• [Task statement]: Nothing but a verbatim copy of the data, minus the images, should be returned.

• [Dataset extract]:
*****

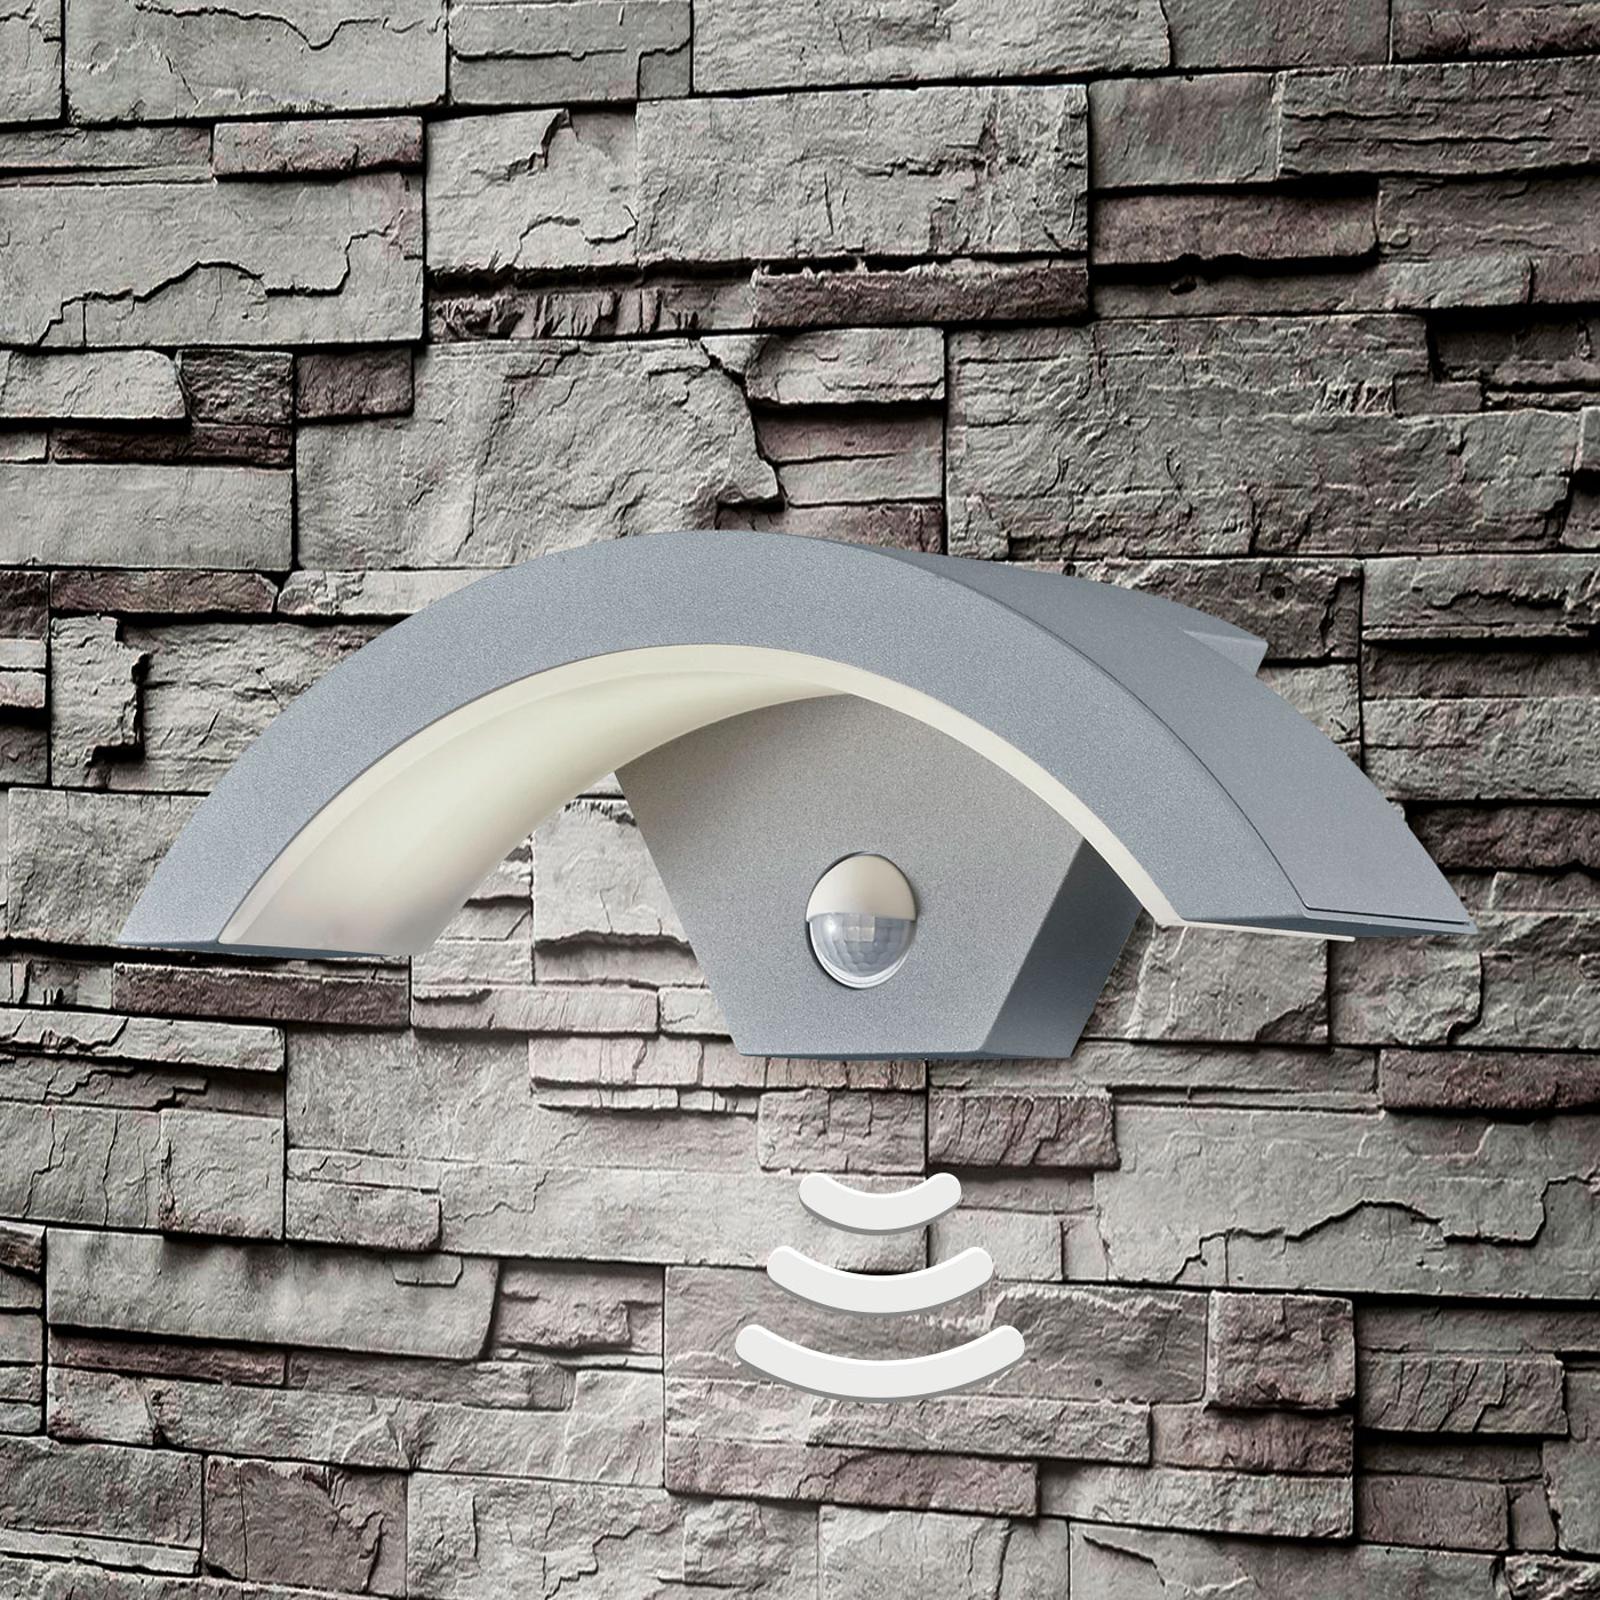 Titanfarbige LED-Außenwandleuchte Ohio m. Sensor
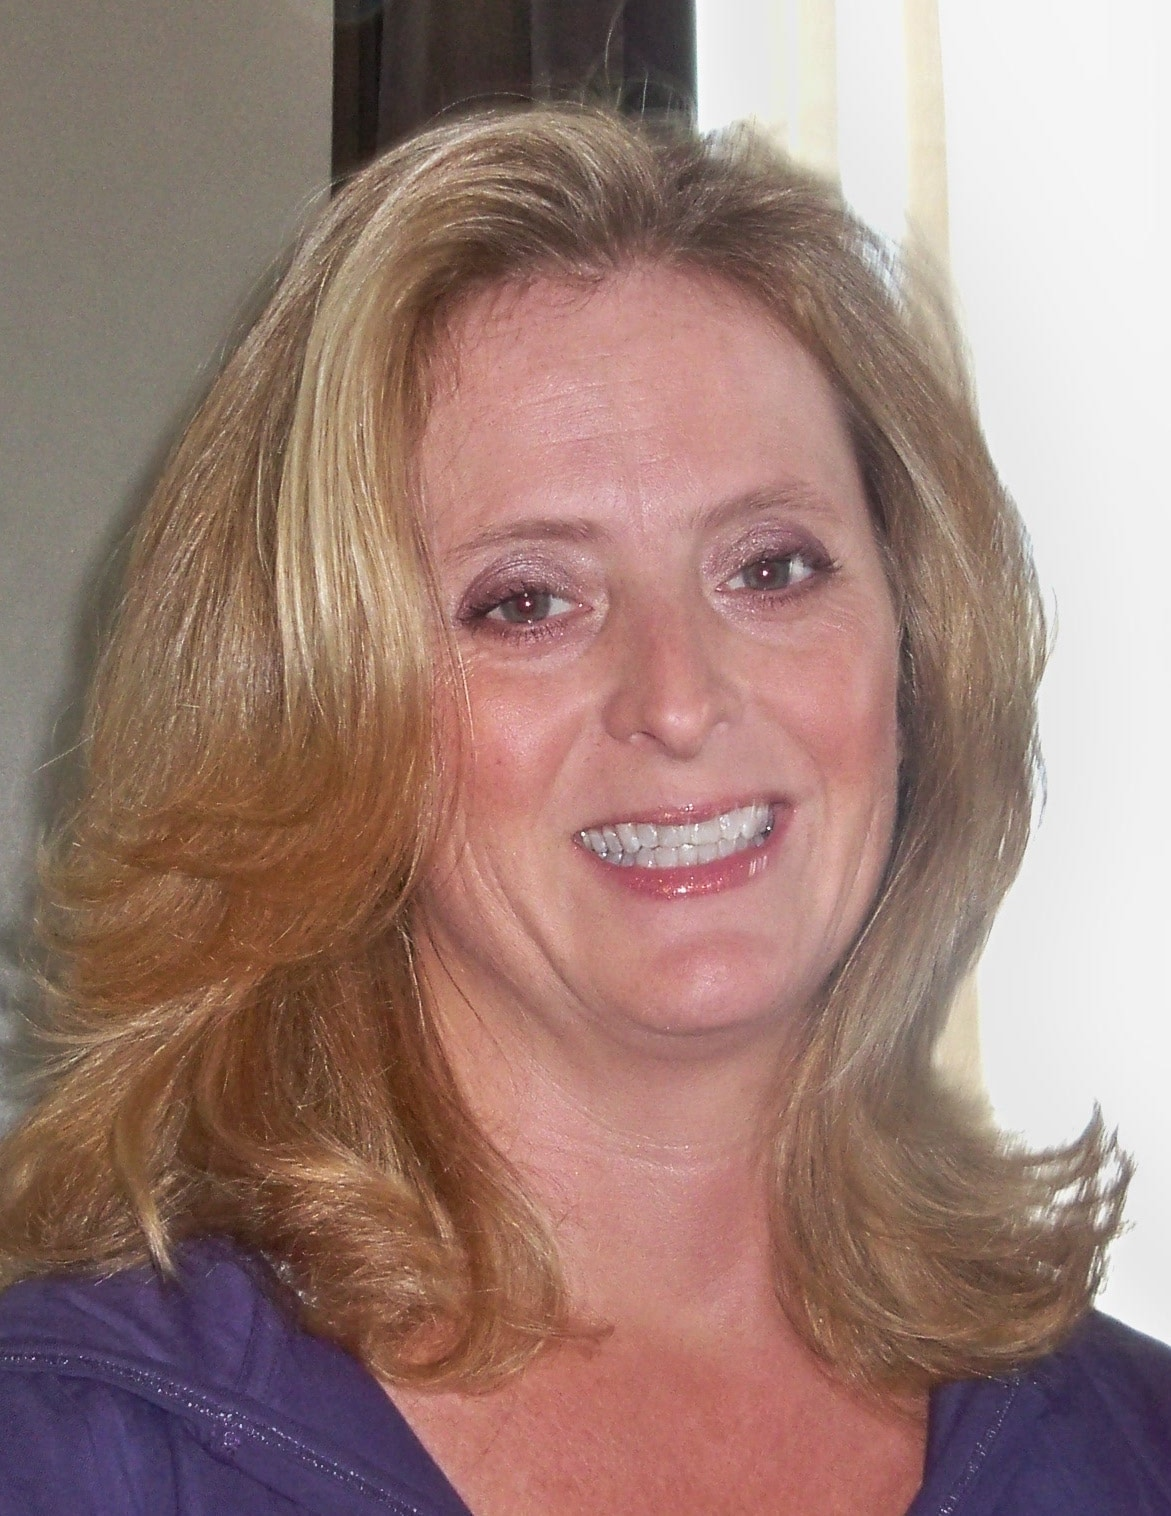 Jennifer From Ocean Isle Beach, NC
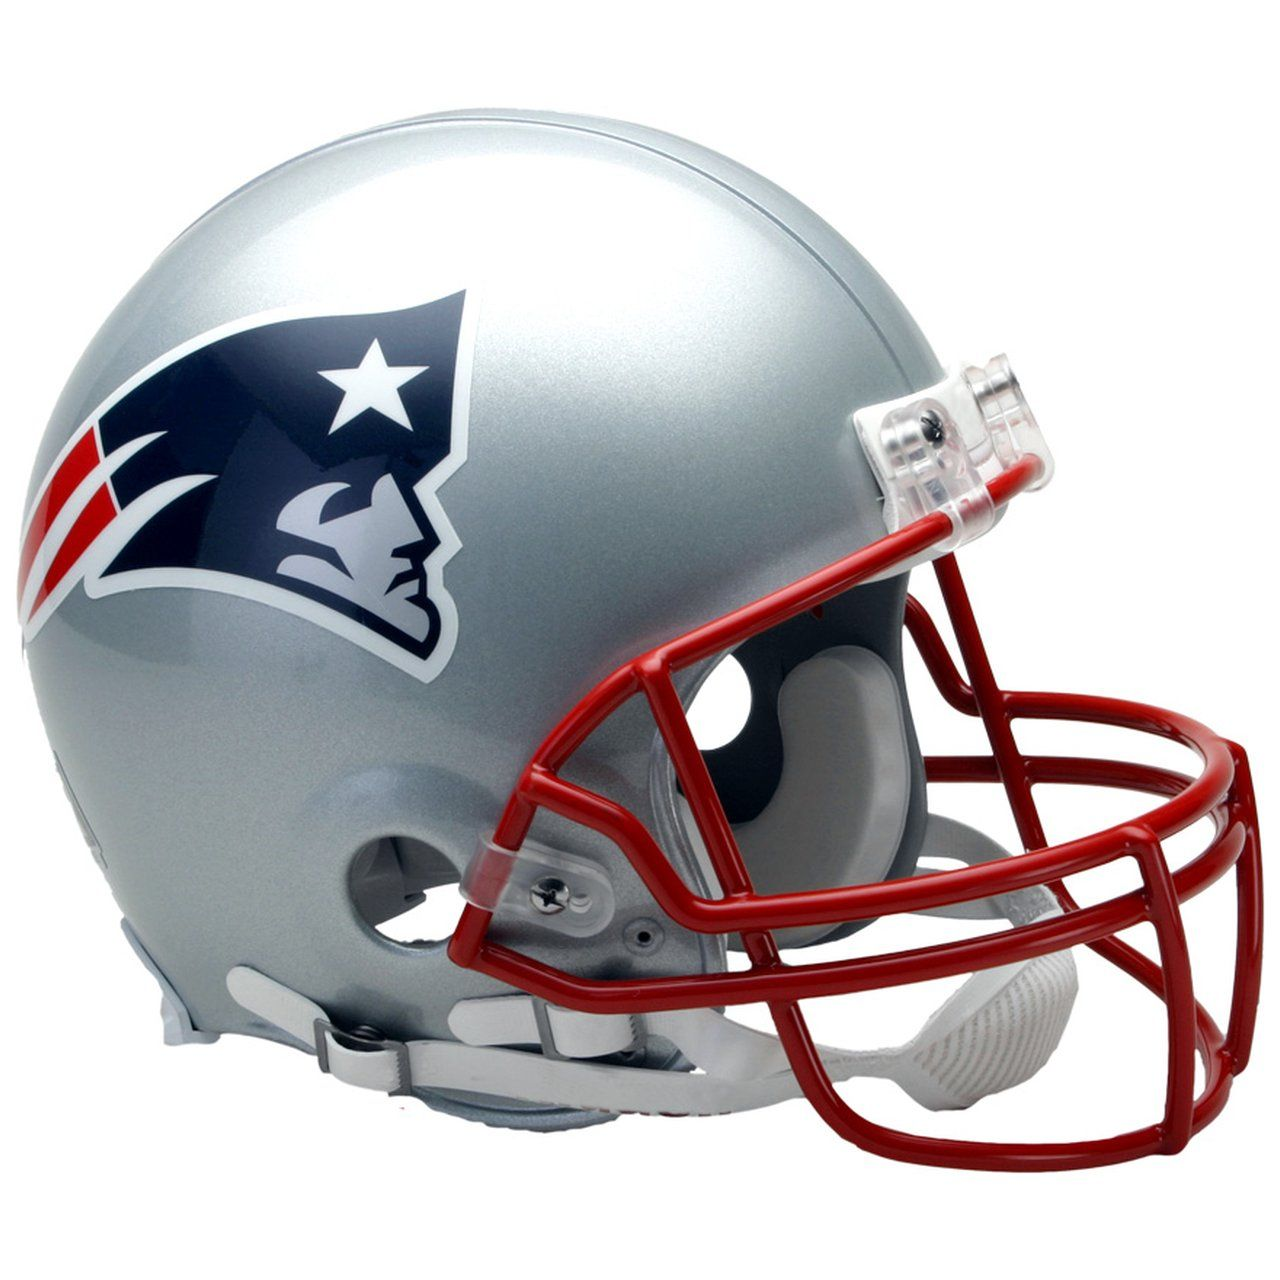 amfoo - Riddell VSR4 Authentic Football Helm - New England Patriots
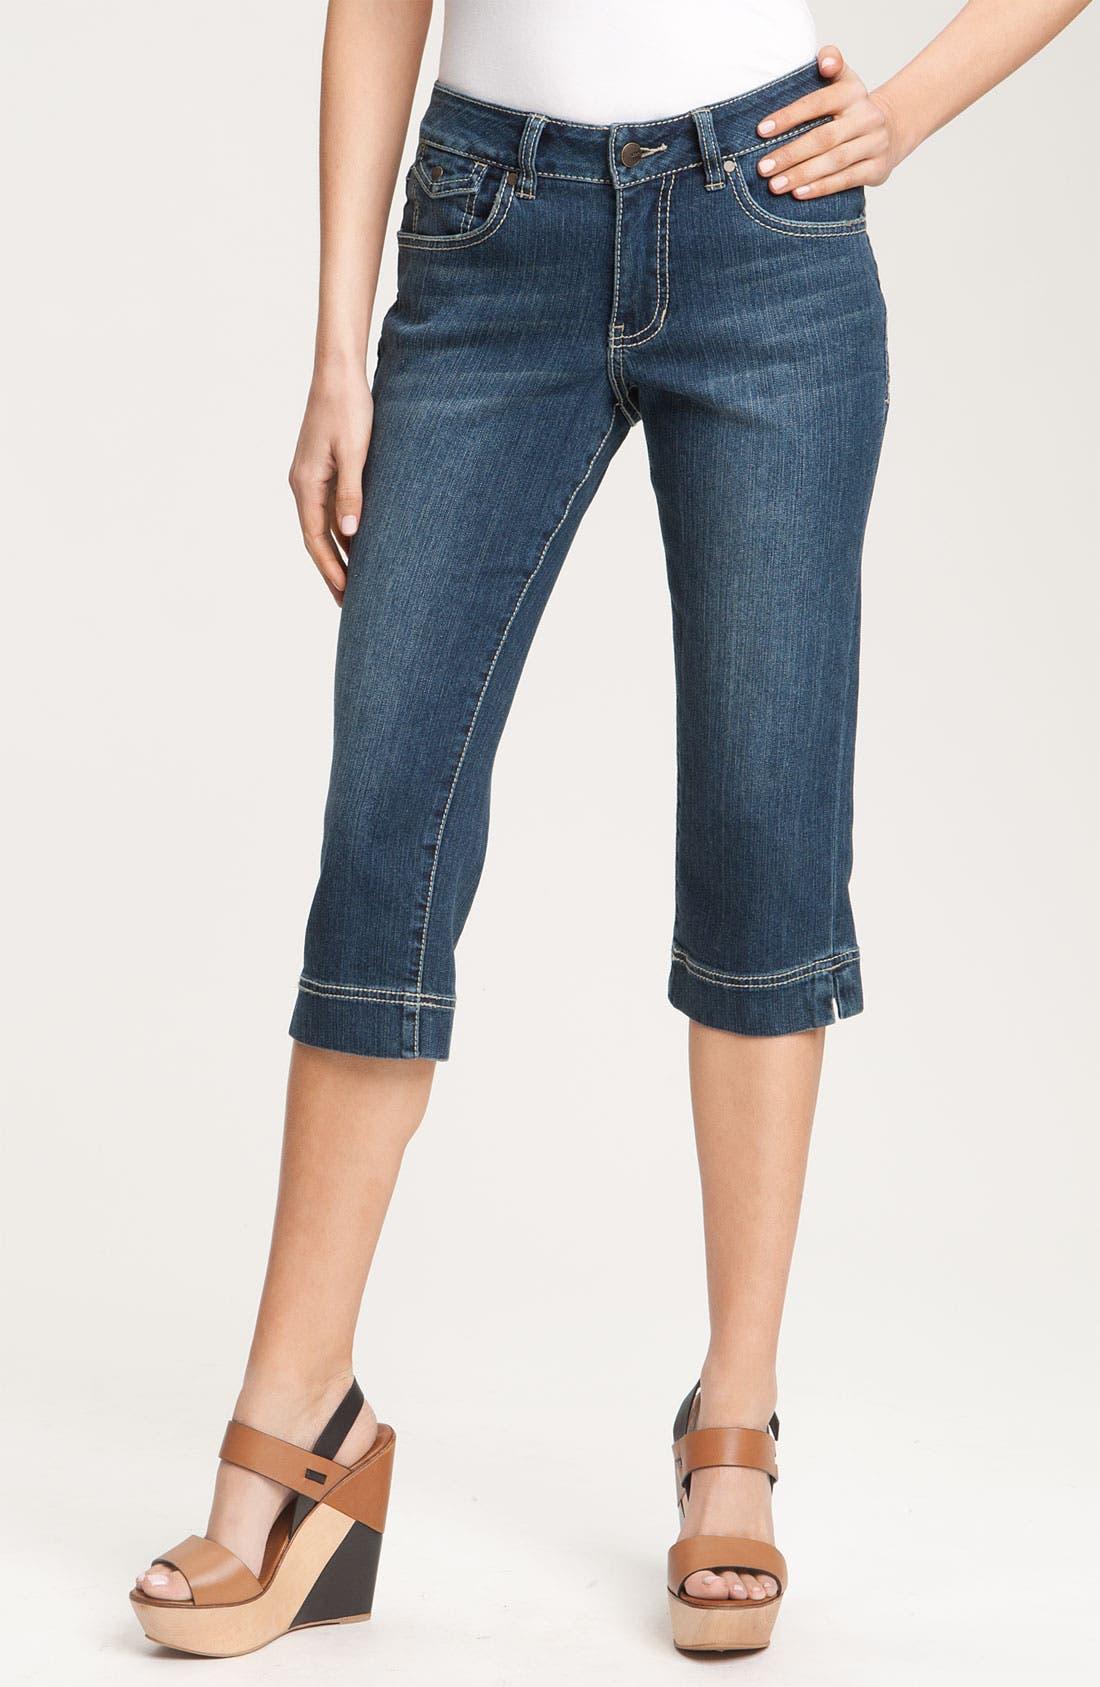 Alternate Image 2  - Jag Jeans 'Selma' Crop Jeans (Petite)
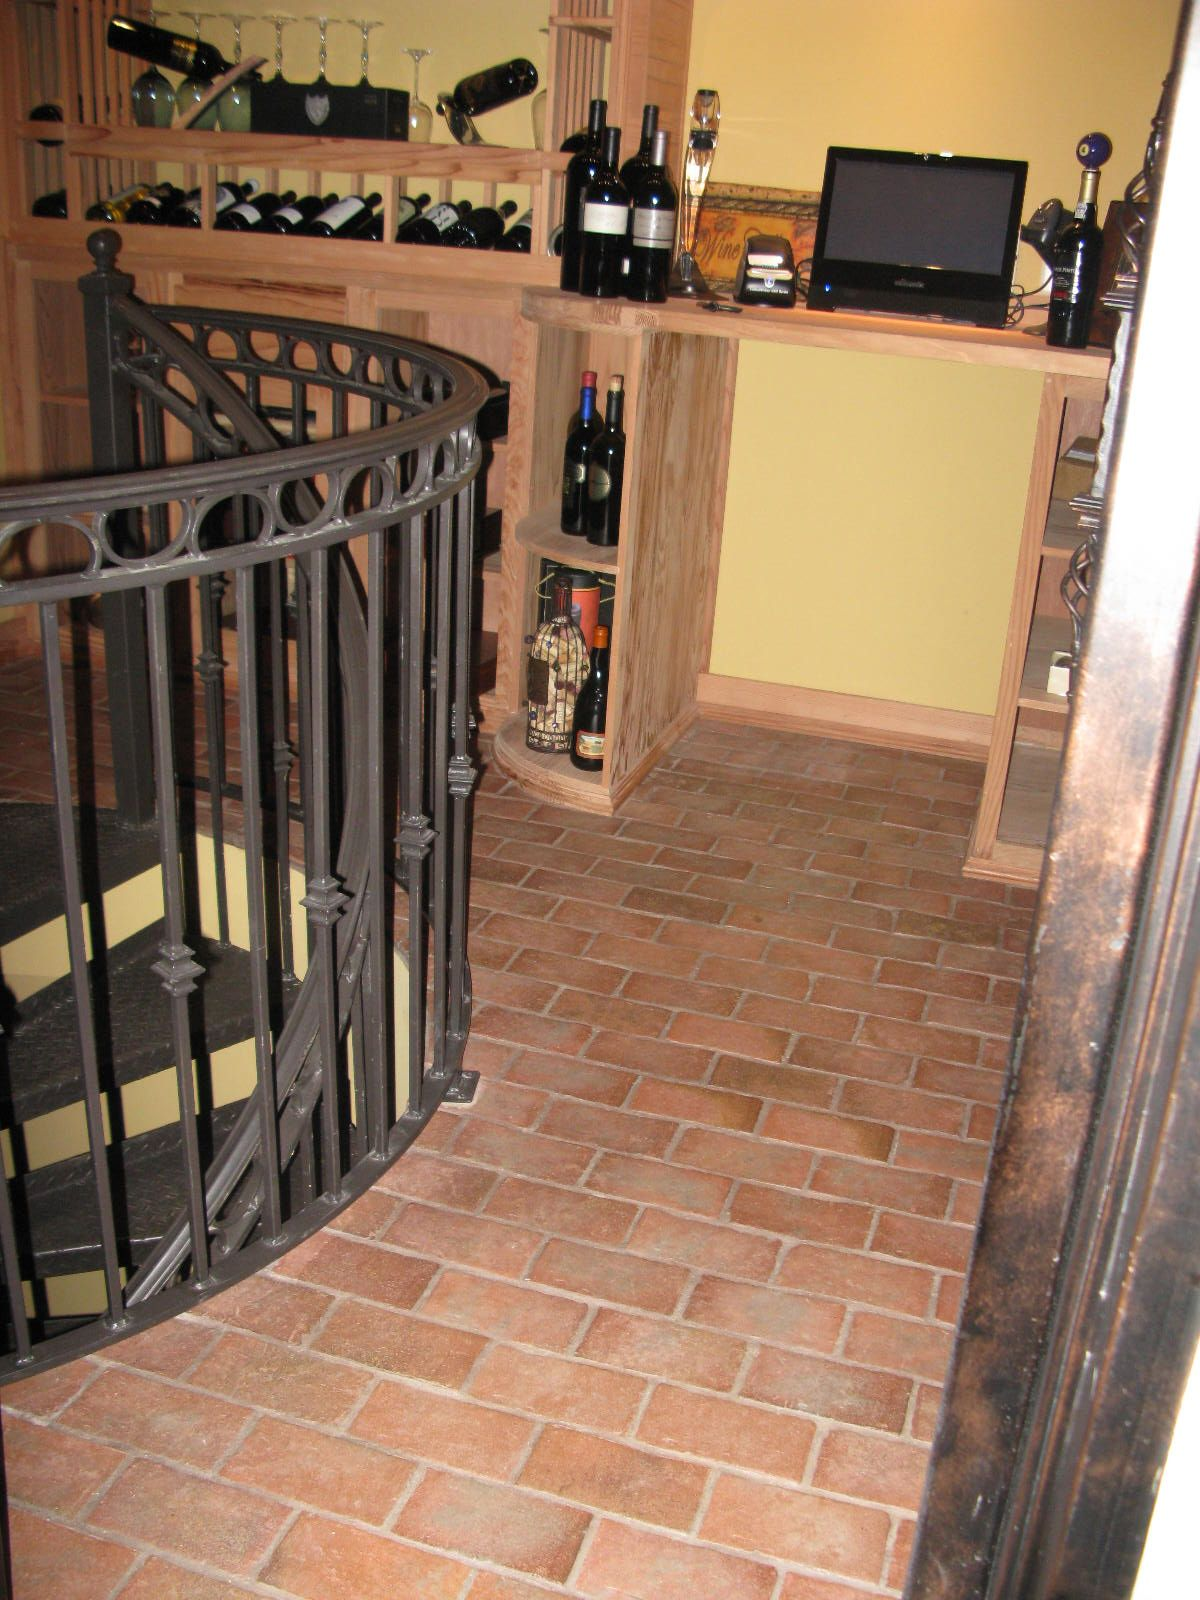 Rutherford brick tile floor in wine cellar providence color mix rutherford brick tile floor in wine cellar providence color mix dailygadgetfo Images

*****

• [Answer space]:
 Titanfarbige LED-Außenwandleuchte Ohio m. Sensor
 Jennifer From Ocean Isle Beach, NC
 amfoo - Riddell VSR4 Authentic Football Helm - New England Patriots
 Alternate Image 2  - Jag Jeans 'Selma' Crop Jeans (Petite)
 Rutherford brick tile floor in wine cellar providence color mix rutherford brick tile floor in wine cellar providence color mix dailygadgetfo Images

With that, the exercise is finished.